Here is the scary part: With just the five-week intensive summer institute and diligent ongoing support, research has shown that TFA corp members on the whole are more effective than other first-year instructors in promoting growth in math and reading for grades 3 through 9. Another recent study even points to TFA members being more effective in teaching secondary math than other teachers. How could this be given the very limited preparation corps members receive in comparison to someone with an education degree or even a Master's in education just entering the profession? Clearly, TFA is doing something right in selecting, training, and supporting its members. Or, education schools have some 'splaining to do. Here, I have to note that I attended a great education school while teaching and one of the best education schools in the country for my graduate work AFTER my two-year commitment. I sorely wish that I had known what I learned in grad school BEFORE hitting my head against the wall teaching kids. We also know that TFA has actually been adapting its training to look more and more like traditional teacher preparation programs, so it must realize that it has a lot to learn, too.

The scariest part is that U.S. kids are still far behind our own Common Core targets, even with TFA and many stellar education schools. Let's take the New York City example.

In NYC, only 30 percent of students in third through eight grade passed the standardized tests in English, and a sobering 26 percent passed in math. Moreover, the achievement gap persists. Whereas 61 percent of Asian students and 50 percent of white students passed the math exam, only 19 percent of Hispanic students and a staggering 15 percent of black students passed. Only 3 percent of ESL learners passed the English exam.

Except Success Academies, TFA's charter school partners, also had abysmal passing rates. The problem with Success Academies is that it really does kick out the kids who are not getting with the program. The suspension rate at their oldest school is 22 percent, much higher than the 3 percent average in that region. I guarantee more of my students would have passed their standardized tests if I could have just suspended the ones that chronically misbehaved.

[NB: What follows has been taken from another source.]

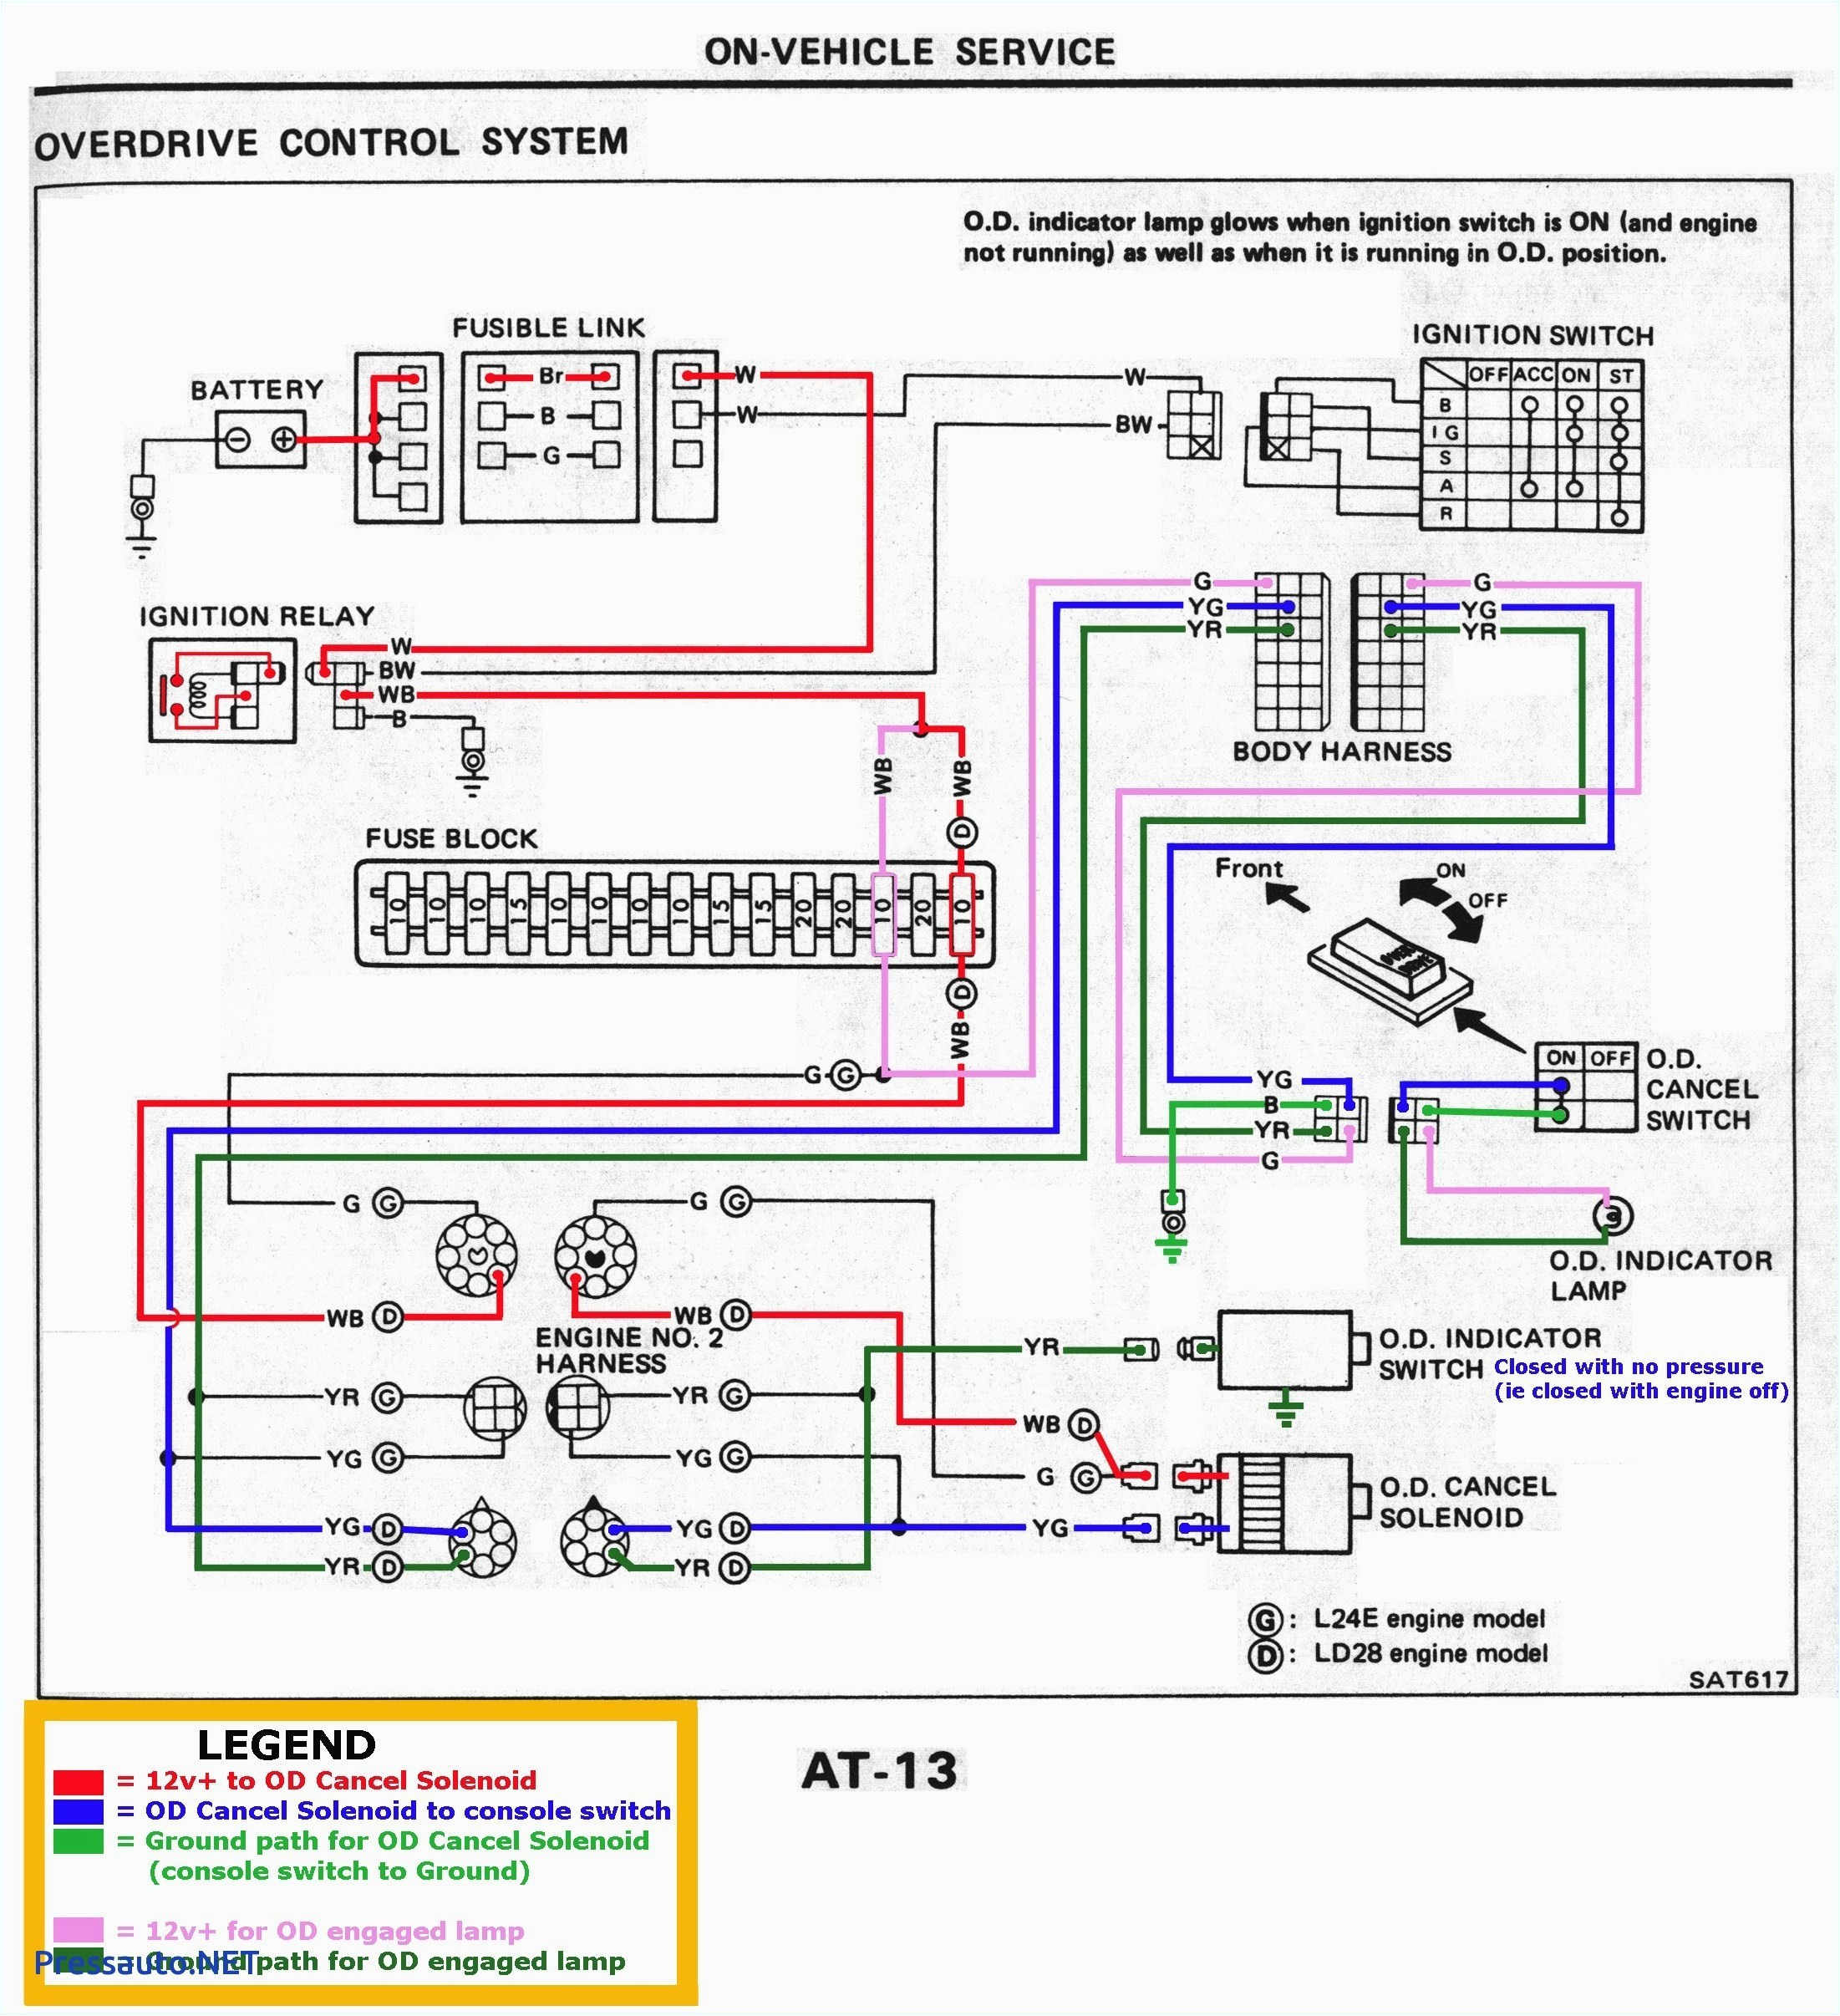 2005 Mazda 3 Radio Wiring Diagram Mazda 3 Car Stereo Wiring Diagram Wiring Diagram Technic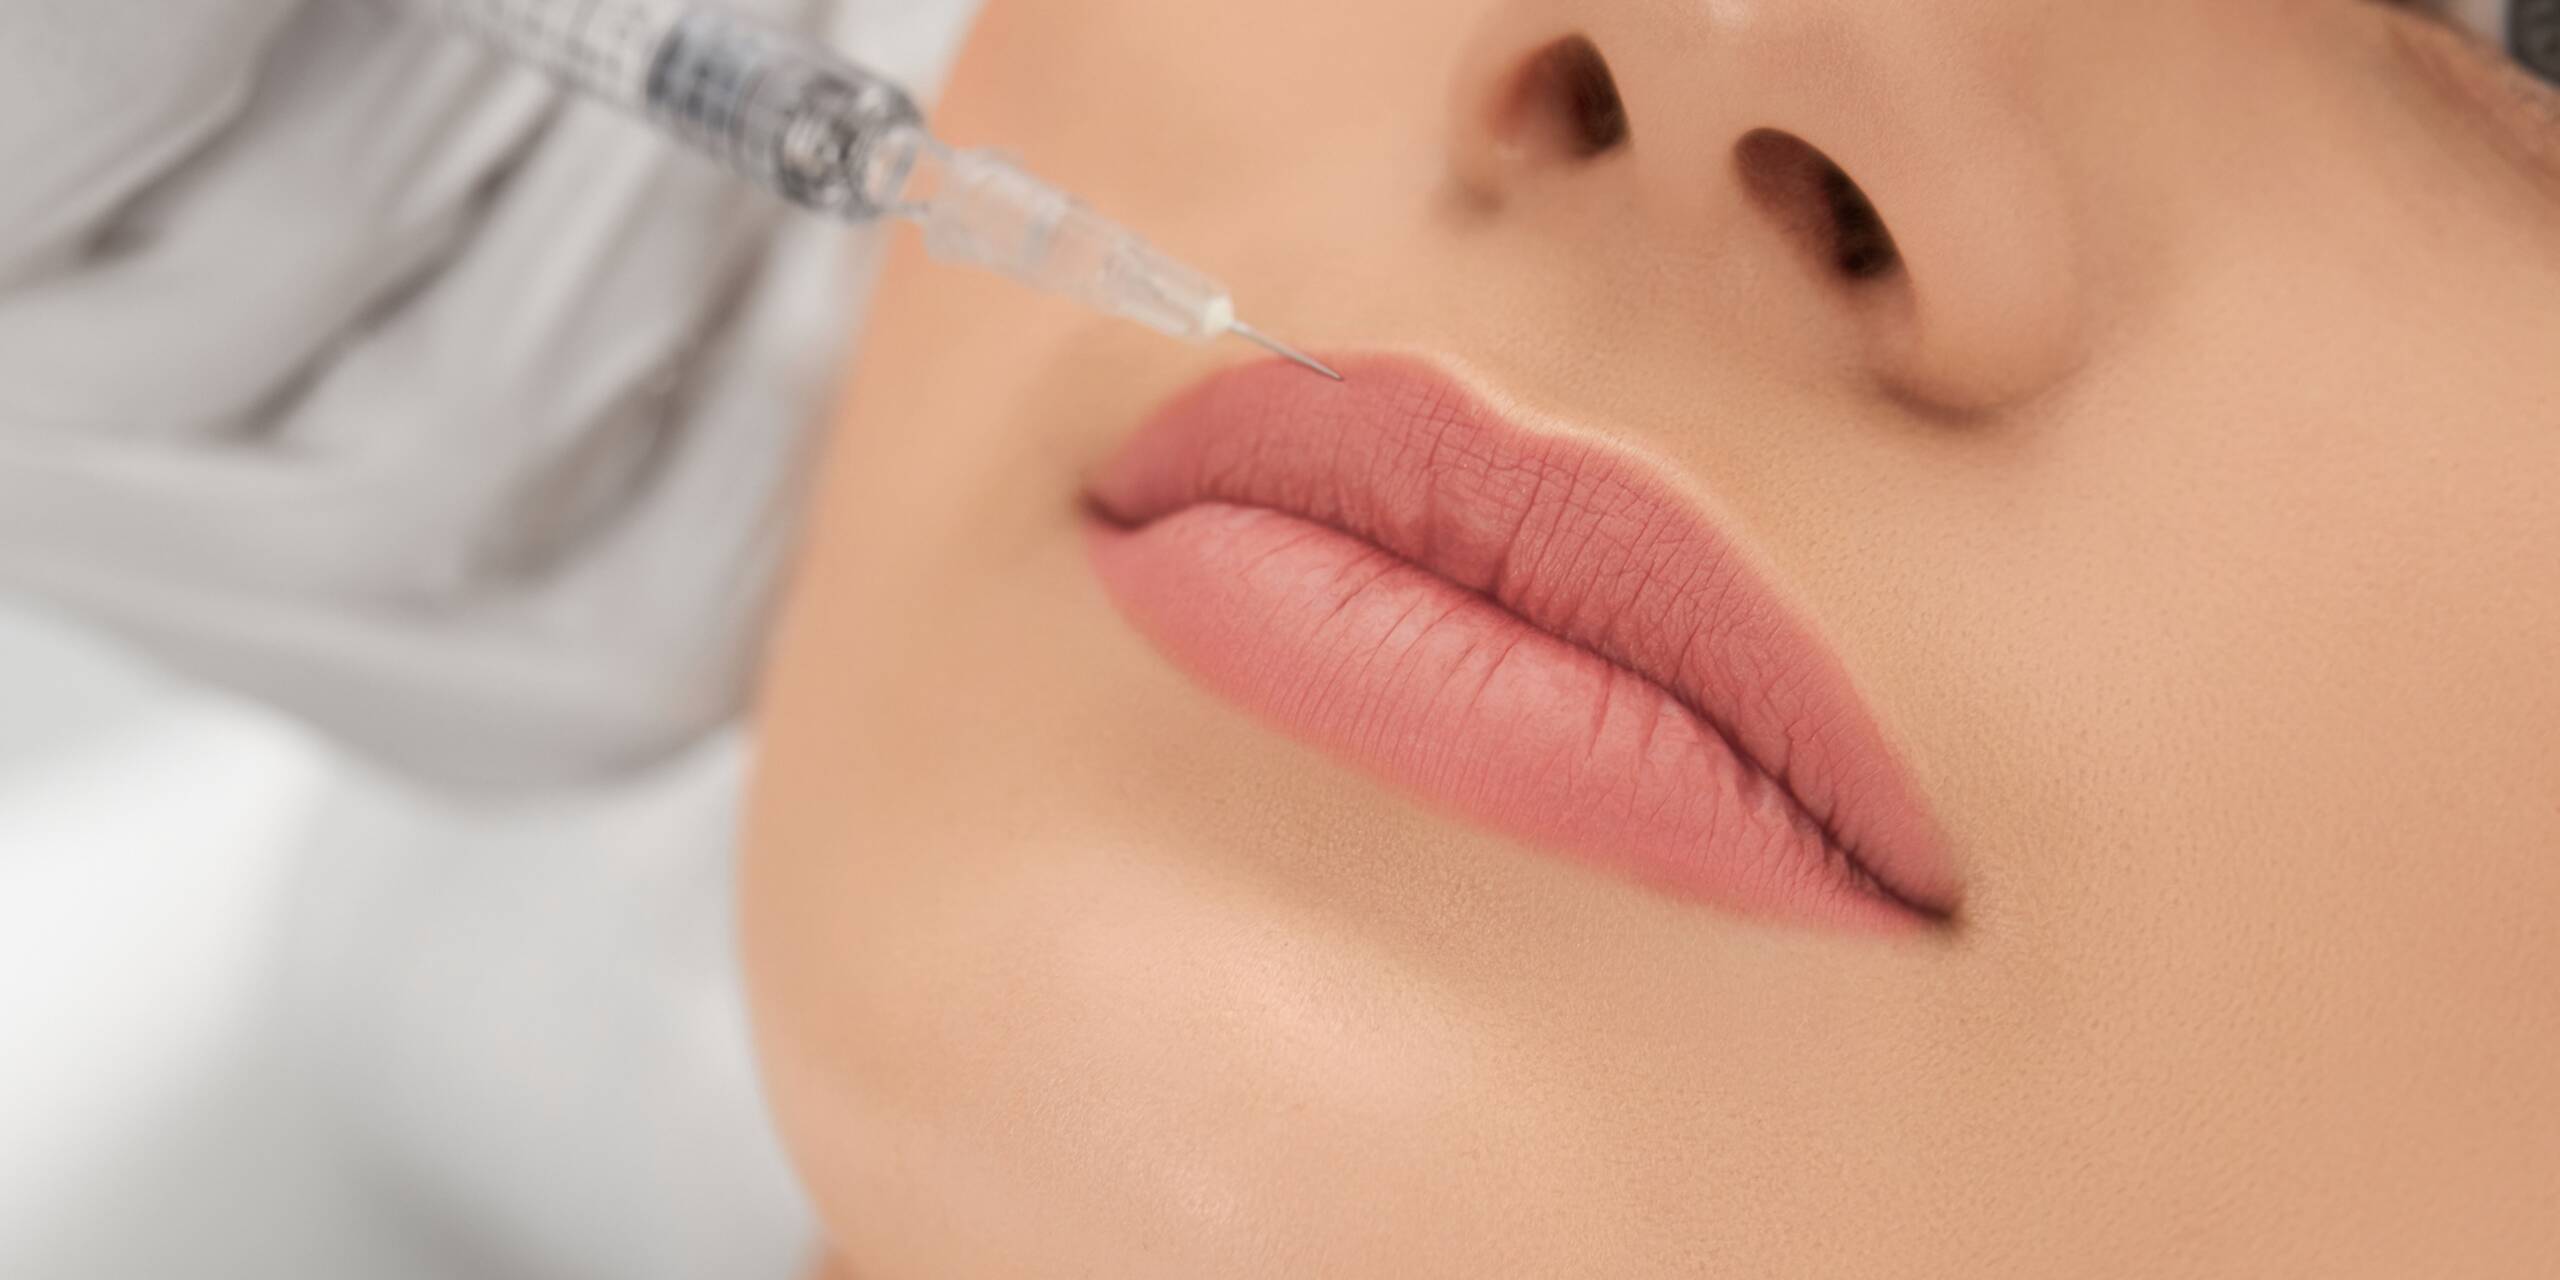 longer-lasting lip filler

But I like that at Success Academies, TFA newbies are placed into teaching assistant positions their first year. I wholeheartedly agree with this. How much pain to me and my students would have been avoided had I had more time as a teaching assistant? At a time when out-of-school factors such as poverty are growing worse in the some of the states with the lowest results on standardized tests, we really need to come together as a country to figure out how to move forward. Education schools have so much to teach us, but there is much to learn from TFA's big goals as well.

We know that teaching is primarily a female profession, and females excel at compromise and at getting things done. A recent article points to female senators playing a decisive role in ending the partial government shutdown. We know we can come together on significant issues to figure out a way forward that is more comprehensive, addressing not only teacher and administrator quality, but also the pervasive poverty that is making teaching -- something innately difficult -- even harder to do well. Transitioning from Halloween's spirit of fear to a feeling of Thanksgiving, let us be grateful that we have so many people wanting the best for our teachers and for our kids. Let's move past the blame game of Unions=Bad, TFA=Even Worse, to recognize the best of both organizations and work together to improve academic outcomes for our children.